The recent credit crunch does not seem to be affecting the industry as Royal Caribbean alone is pumping £1.4 billion into two Genesis class liners over the next few years. When finished, PROJECT GENESIS will be able to carry 5,400 passengers and stood on its stern it would dwarf Britain's tallest building - the 800ft One Canada Square in Canary Wharf.

It will be longer than four football pitches and 40 per cent bigger than the existing biggest liners. It is scheduled to enter service in autumn 2009 and its home port will be Fort Lauderdale in Florida.

[Maritime Clippings / Daily Mail]


RIVERDANCE - Calls have been made to ensure the operation to dismantle the stricken RIVERDANCE ferry causes minimal disruption to residents.

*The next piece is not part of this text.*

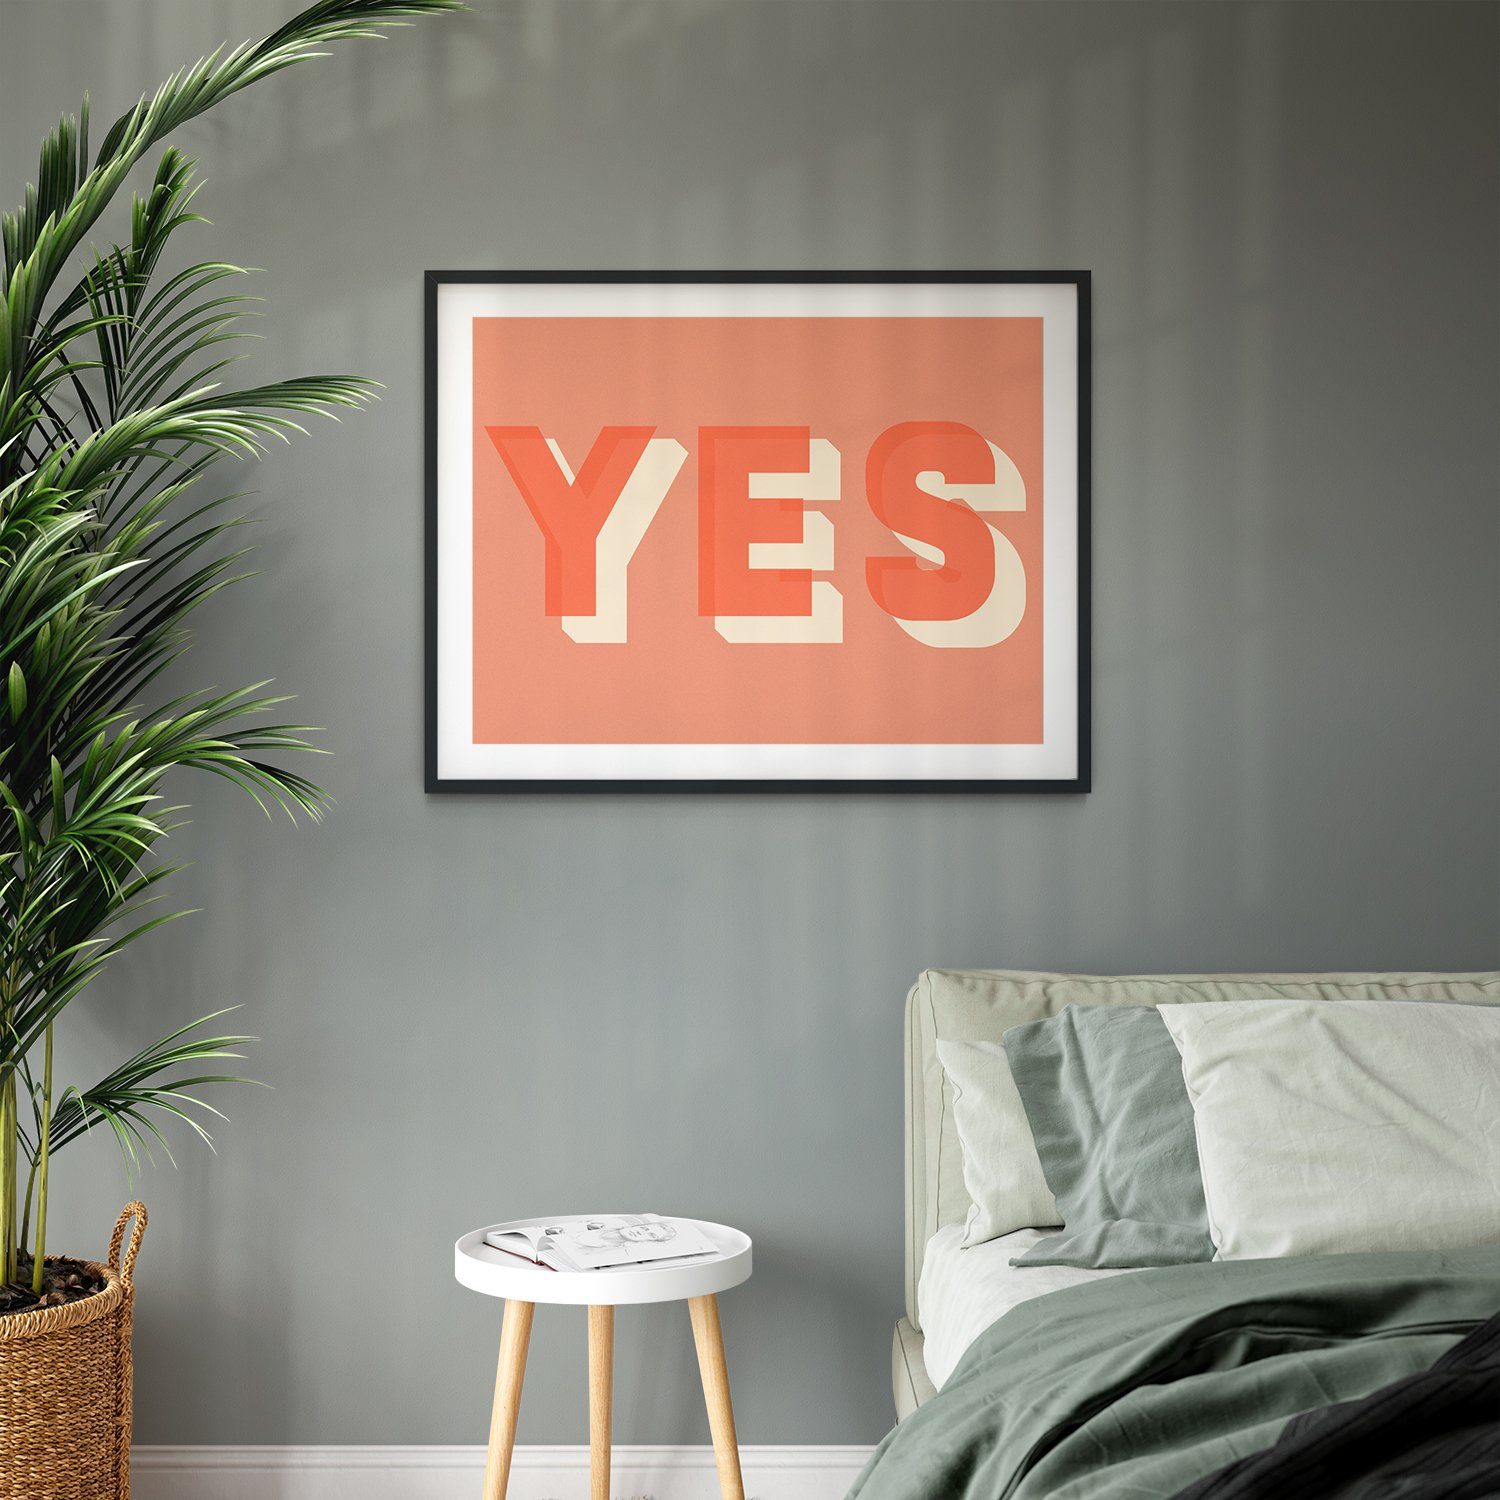 Print with the word YES in large orange text

Work will carry on throughout the night to take the boat apart between tides. Heysham-based Hancock's Contractors has been chosen to dismantle and remove the vessel which ran aground off the Fylde coast in storms on January 31. The work is expected to take until the end of June to complete.

Anchorsholme ward councillor Tony Williams said: "I'm delighted something is going to be done although I would have preferred it to be refloated. "However I am concerned about the disruption cutting up the ferry will cause for residents in the area because there will be heavy plant movements and I think they are optimistic about the timescale.

"I want to ensure disruption is kept to a minimum and there will be a briefing between our officers and the demolition operators. I have asked for reassurances about the hours of work, because it's tide dependant, access for heavy plant, noise and pollution.

"I will also want the whole area reinstating if there is any damage to the beach or the road." Jim Hancock, who will be in charge of the dismantling process, said noise would be kept to a minimum. He said: "We don't want to upset anyone but at the same time we have a job to do. We will be working during the night because we will be working in tidal shifts but the noise will be kept down.

"The Promenade and the beach will be reinstated afterwards." The contractors expect to be on site on Monday or Tuesday."


The much talked about Bristol Channel fast ferry link between South Wales and the West Country has taken a big leap forward.

Two 130ft fast catamarans, each capable of carrying 360 passengers, could soon be speeding their way to Ilfracombe to help establish the new service as early as next year.

Ferry expert Chris Marrow, of the fledgling Severn Sea Ferries company, and operations director Graham Beesley have been to view the vessels on the Isle of Wight, with a view to buying them.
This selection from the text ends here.